Wednesday, May 17, 2006

Madrissah Calls – 3: Eager to Change

My gracious hosts and I had already exchanged some ideas about modern educational theories over the phone. I brought up the needs for an open-minded educational reform.

I particularly emphasize experiential education to the point that I resent it not being a part of the education of Pakistani children. Also, in response to the People-Centered Model of Business, I had been notified by Abhinibesh of India of a child-centric education system. It had got me thinking about the many ways in which the PC MOB can be applied.

I found the madrissah admin very open and progressive to the ideas. They want change. They just don’t know how, and who will help them? There was a quick go-ahead to the ideas that I presented. I like working this way. But I know this is beginner’s luck. My major challenge will be to bring fundamental changes not just in the curriculum, but in the educational philosophy. Curriculum is tactical. Educational philosophy is strategic. They have so far agreed with all things I said, and we are going to look at creating an overall map of education that their enterprise will impart.

During the course of the visit, I visited the female madrissah which honestly locked my heart in a way that I had to come home and lie down to feel better. It’s after a long time anyway that I have visited any school, and I just realized how I completely disagree with the educational philosophy in most places. Educational is completely book-oriented and mono-directional. Feed more and more info into the brain, and reproduce through the mouth and the hand at astonishing speed and accuracy = summary of all education.
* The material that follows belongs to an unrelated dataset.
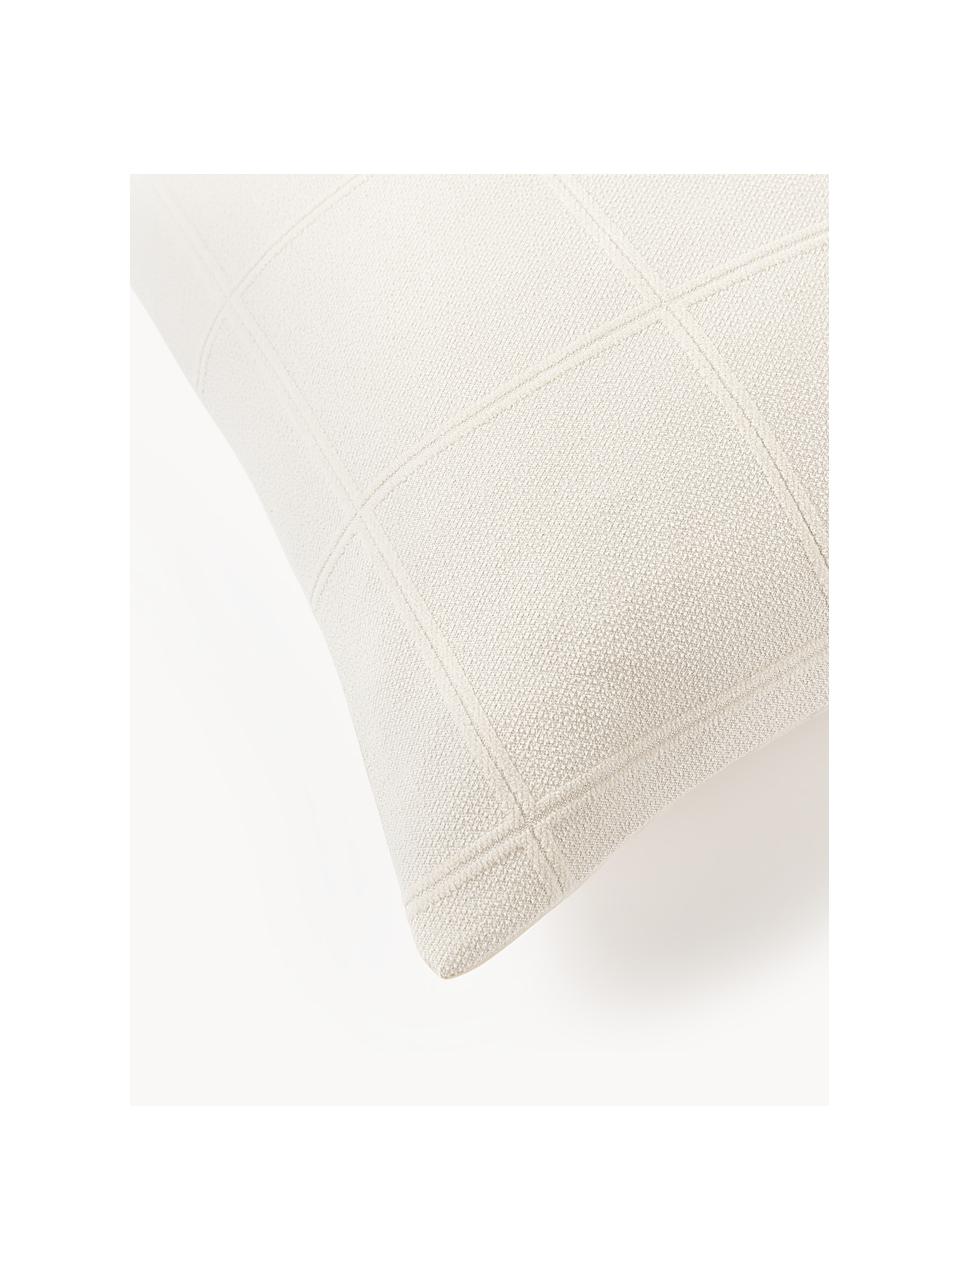 Kopfkissenbezug Vivienne mit getuftetem Karo-Muster, Vorderseite: Off White
Rückseite: Cremeweiss, B 40 x L 80 cm

This was at least a madrissah. I have been in madly stringent and anti-human mainstream schools that were high on fees and absurd rules, and low on really changing human children for better. This is why, I told my open-minded hosts, we will be walking a thin line balancing the social, political, religious aspects of this school. In addition to that, I invited them to consider alternative educational theories that will present a real-life solution to real-life problems. The age of the copy & paste solution is over. We need new solutions. Using the People-Centered Model of Business, in addition to exciting education theories for the 21st century, I hope to develop an educational roadmap that will change the way of education in madrissahs for good.

Note: Madrissah is term popularly used to refer to an Islamic school. In Urdu, it just means, “school.” In this series of blogs, it refers to a major Islamic school that I visited.


Zakintosh said...

Your last 4 posts make for very interesting reading s -ince they deal with a mix of subjects close to my heart - Education being on top of the list.

While I can figure out what you describe, in terms of the Madrassahs, a few concrete examples would be apt for those to whom this word has come to mean a whole lot of things it is and isn't.

An excellent blog. I look forward to repeated visits.

Ramla A. said...

Thank you Zak, and JazakAllah. After some deliberation, I wrote the Madrissah blog posts - which were originally going to my personal "diary blog."

Then my heart suggested that the whole assignment be made public - so that there is feedback from the "mainstream." After all, on WikiPedia and other places, the modern, well-rounded Muslim is already making individual efforts to "bridge the gap" and answer so many questions.

You are one of those well-rounded individuals who can see the reality of the situation and suggest what is needed. I am excited to have your feedback and expect to hear more from you and other persons - Muslims or not - who can give valuable suggestions.

Noted the "concrete examples" idea. Will be done, inshaAllah. Keep sharing your ideas.